Task details ▸
The material below holds a span beginning at the line with "kandyan dance flower" and ending at the line with "Mid Century Modern". Quote that span exactly, both ends included, and only that span.

Material provided ▸
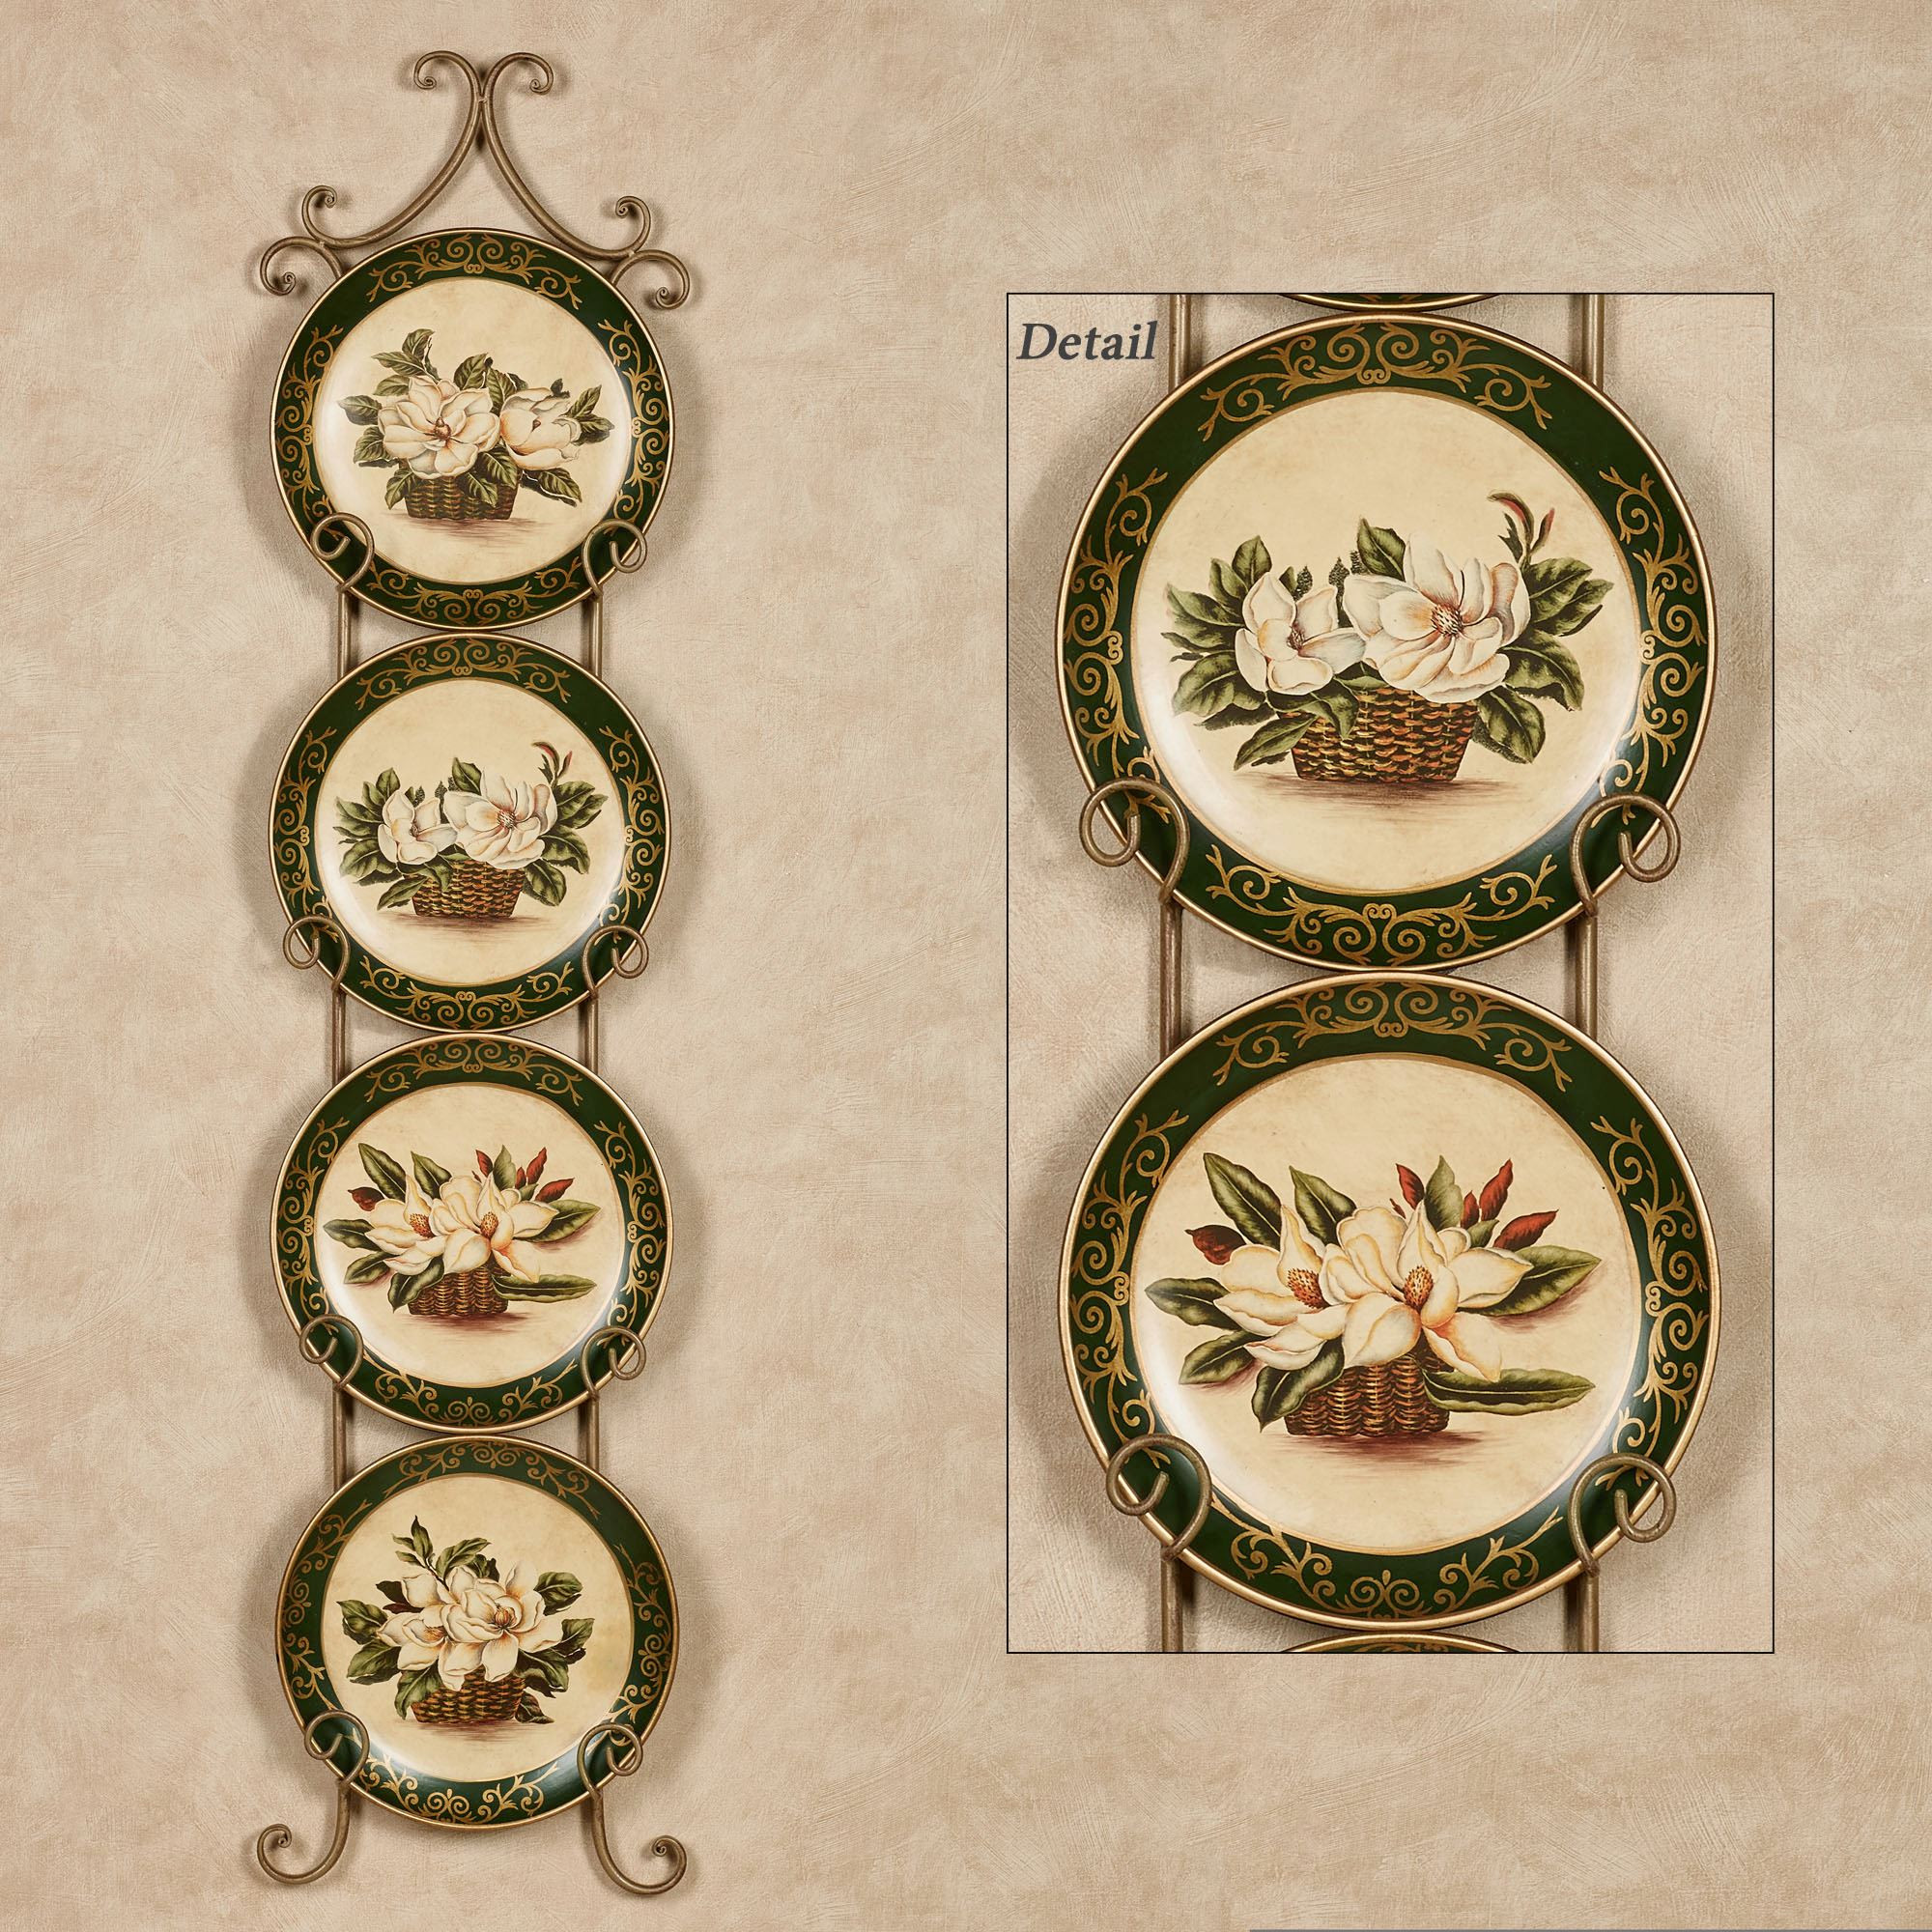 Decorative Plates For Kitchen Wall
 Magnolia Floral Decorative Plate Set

==

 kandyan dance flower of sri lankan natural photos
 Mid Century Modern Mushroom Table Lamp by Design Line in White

Solution for this task ▸
 kandyan dance flower of sri lankan natural photos
 Mid Century Modern Mushroom Table Lamp by Design Line in White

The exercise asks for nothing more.